== EXERCISE REQUIREMENTS ==
Consider the listing below. Extract exactly the lines from the line containing "BOTTEGA VENETA: cashmere" to the line containing "Distintivo Spilla ONB", both included.

== DATASET EXTRACT ==
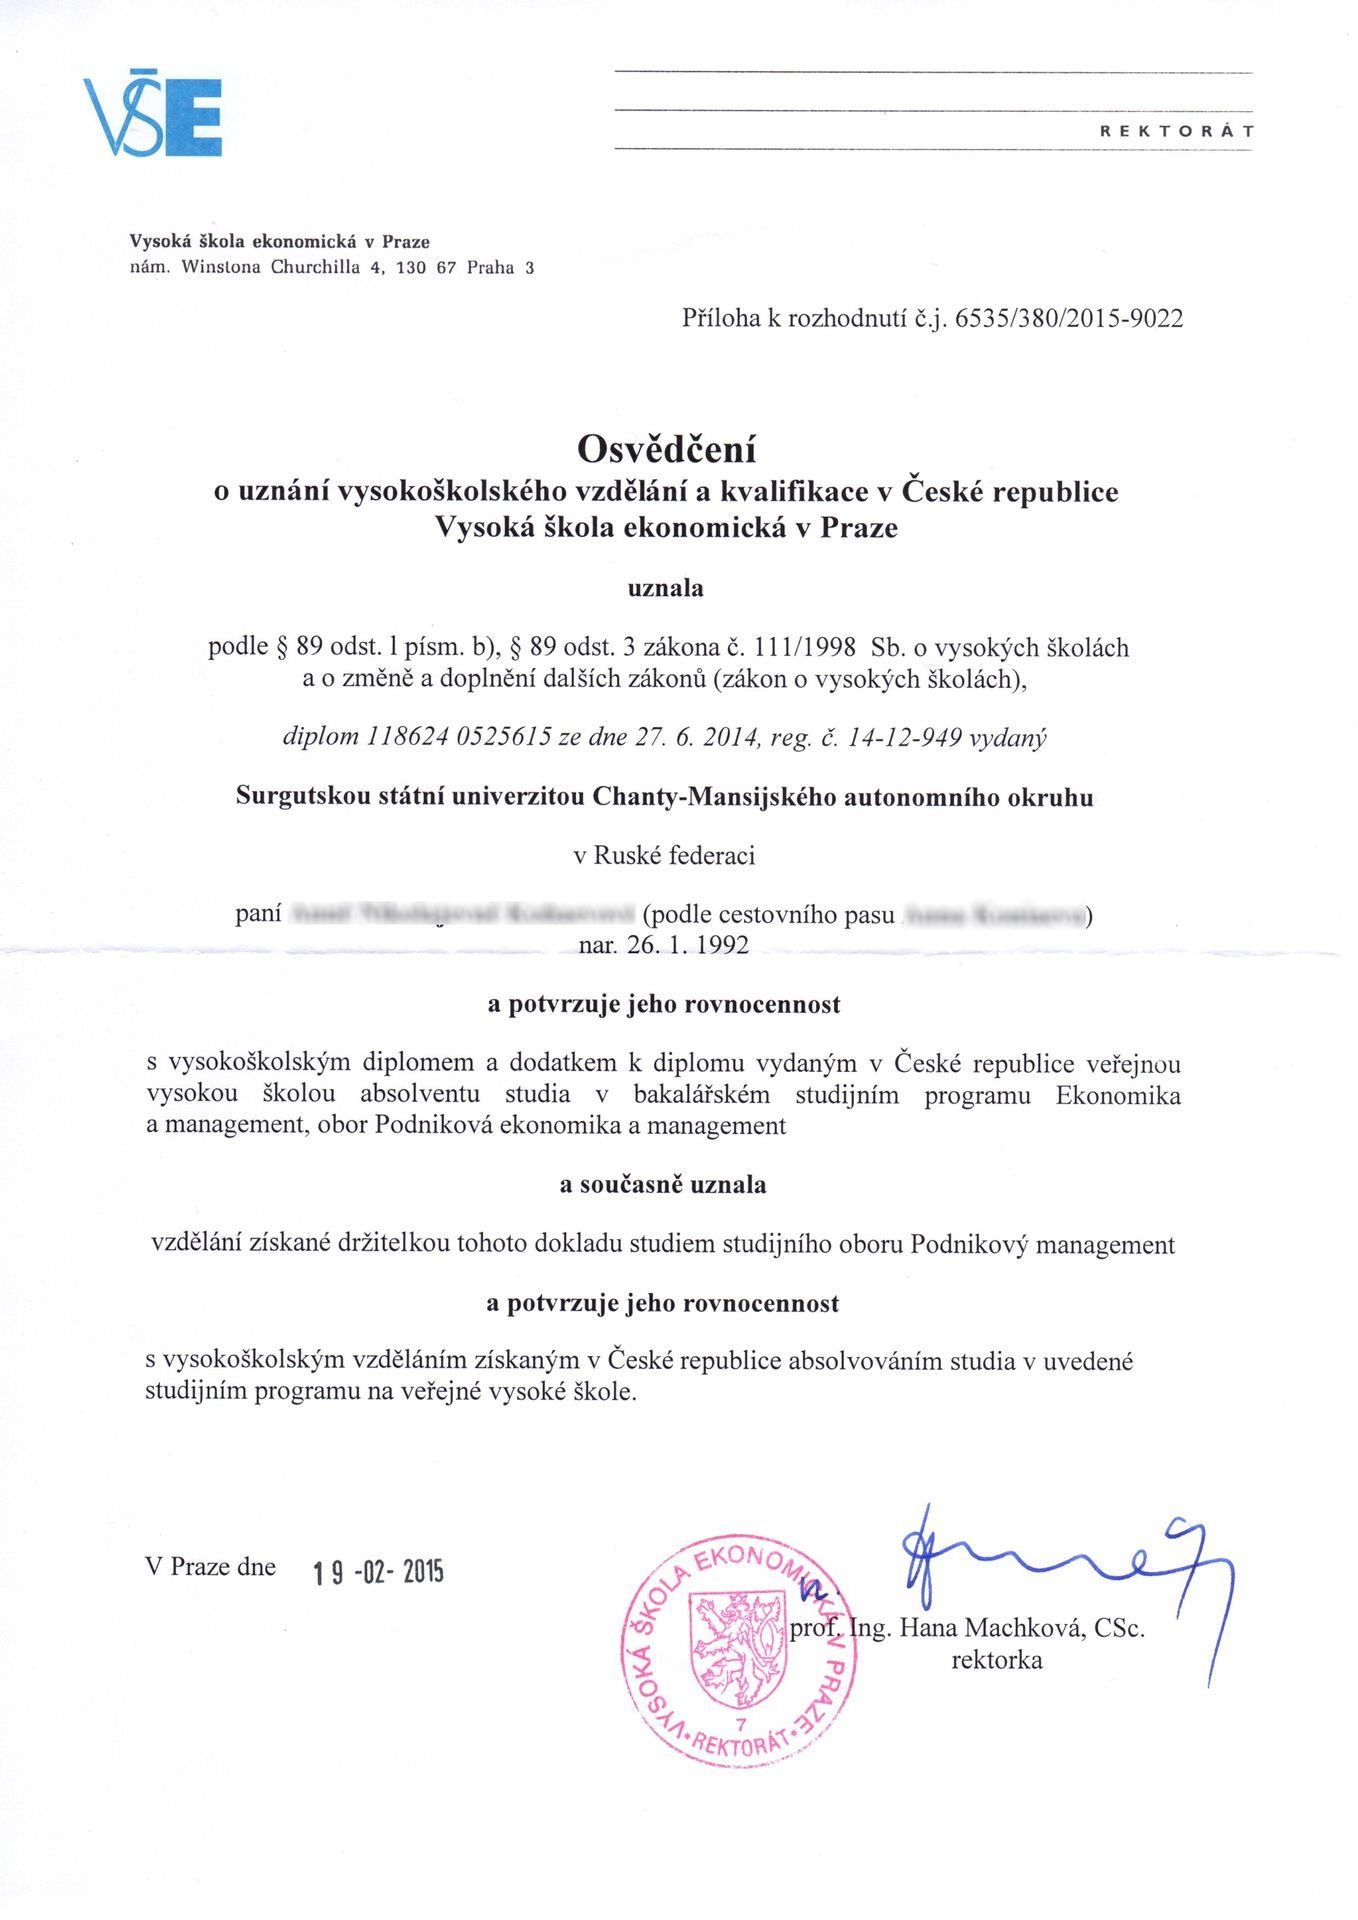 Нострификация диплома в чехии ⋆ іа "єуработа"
---
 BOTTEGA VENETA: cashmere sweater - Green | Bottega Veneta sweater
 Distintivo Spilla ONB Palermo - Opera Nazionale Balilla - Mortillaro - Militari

== RESULT FOR THIS TASK ==
 BOTTEGA VENETA: cashmere sweater - Green | Bottega Veneta sweater
 Distintivo Spilla ONB Palermo - Opera Nazionale Balilla - Mortillaro - Militari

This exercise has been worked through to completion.